Return all the lines below exactly. Any picture among them is omitted.

PROVIDED DATA »

▼

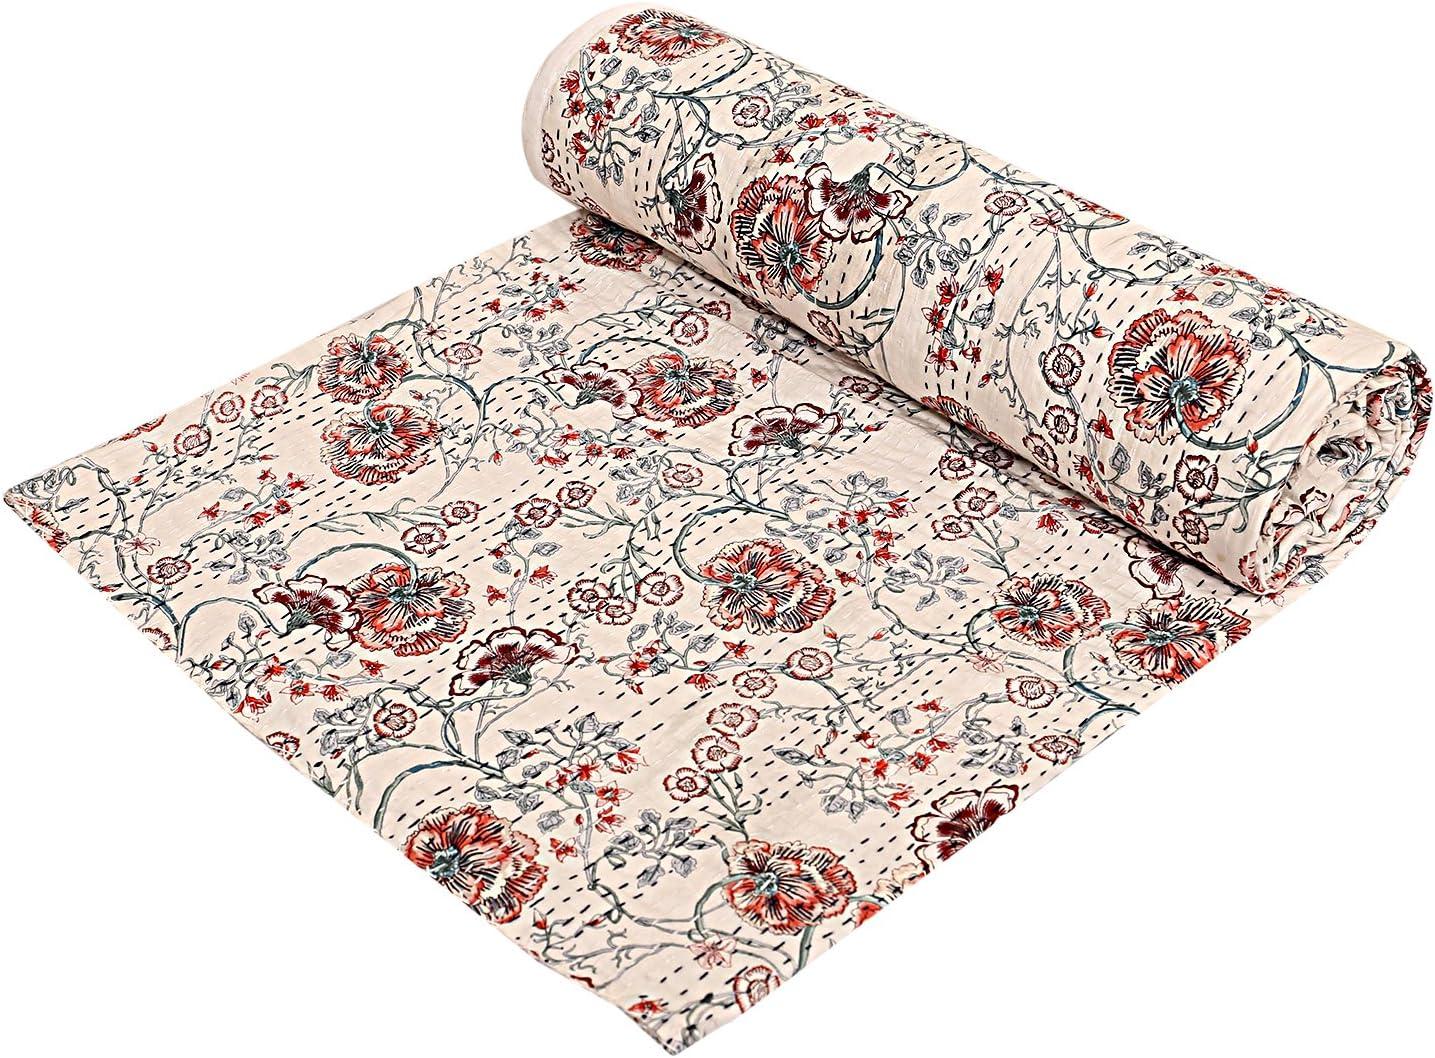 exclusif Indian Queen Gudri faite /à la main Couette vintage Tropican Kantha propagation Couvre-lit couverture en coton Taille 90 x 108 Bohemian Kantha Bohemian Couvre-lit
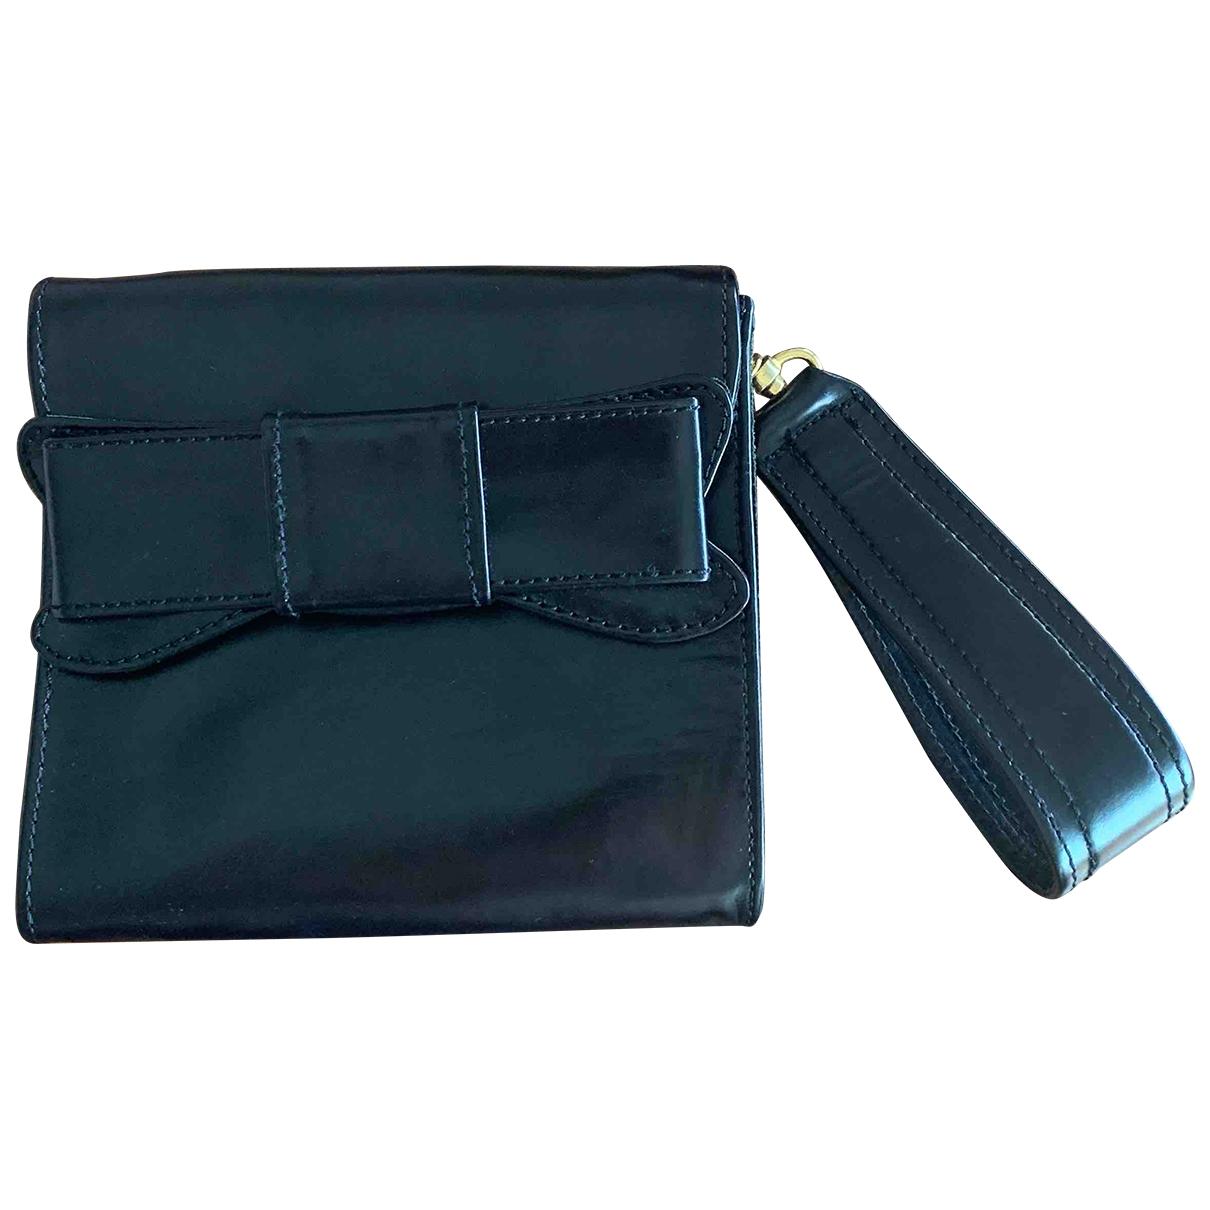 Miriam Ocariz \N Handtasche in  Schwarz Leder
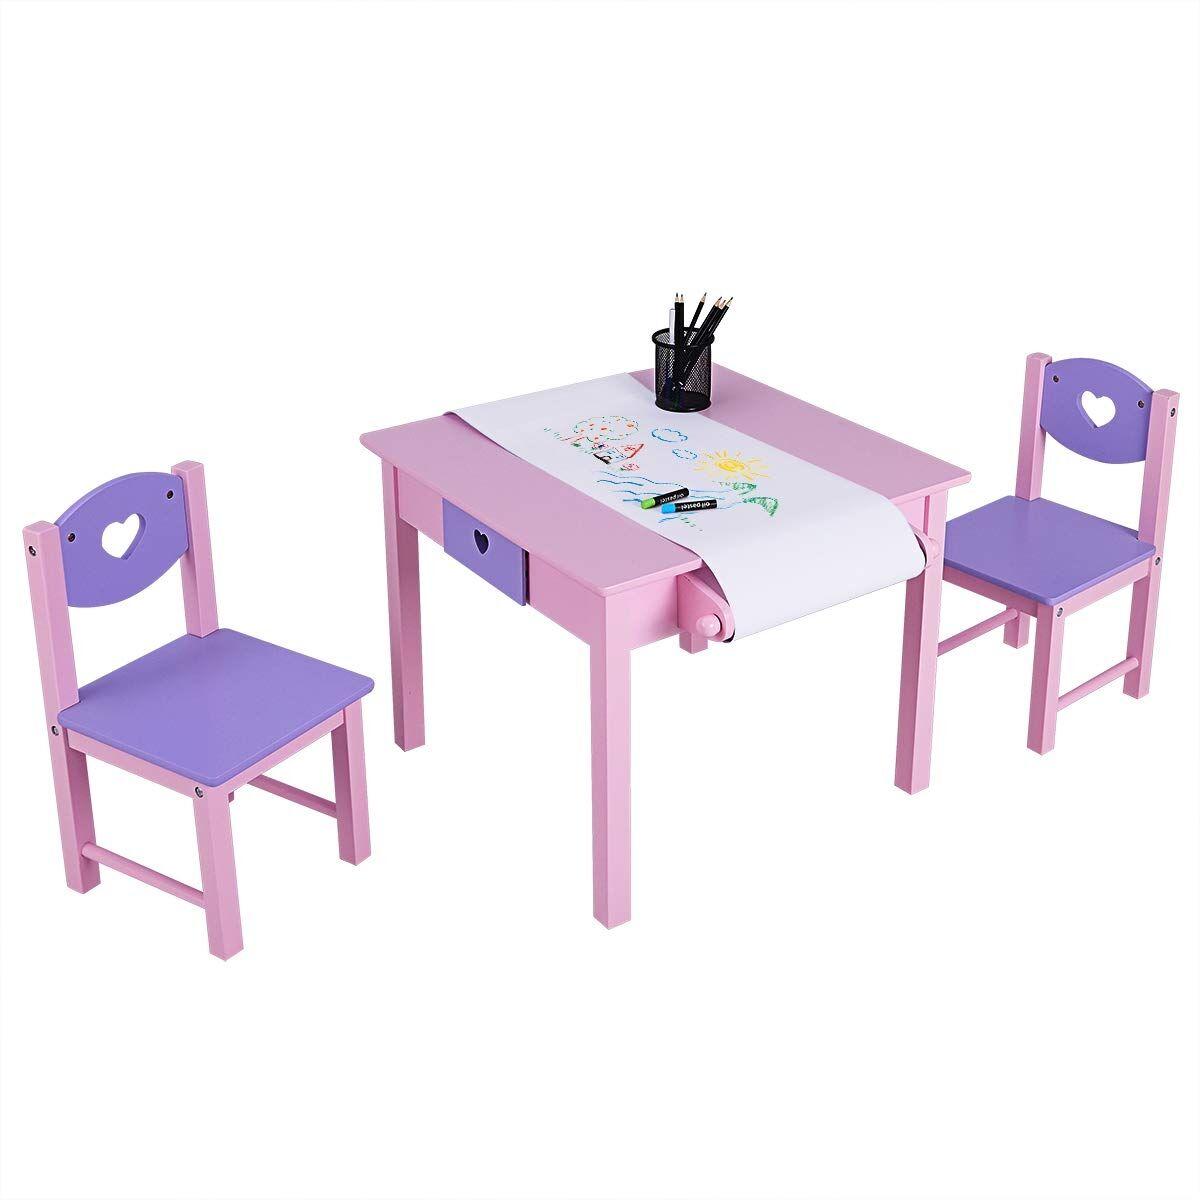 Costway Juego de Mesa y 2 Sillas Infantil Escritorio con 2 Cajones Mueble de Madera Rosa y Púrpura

▲

ANSWER TO THIS TASK »
 exclusif Indian Queen Gudri faite /à la main Couette vintage Tropican Kantha propagation Couvre-lit couverture en coton Taille 90 x 108 Bohemian Kantha Bohemian Couvre-lit
 Miriam Ocariz \N Handtasche in  Schwarz Leder
 Costway Juego de Mesa y 2 Sillas Infantil Escritorio con 2 Cajones Mueble de Madera Rosa y Púrpura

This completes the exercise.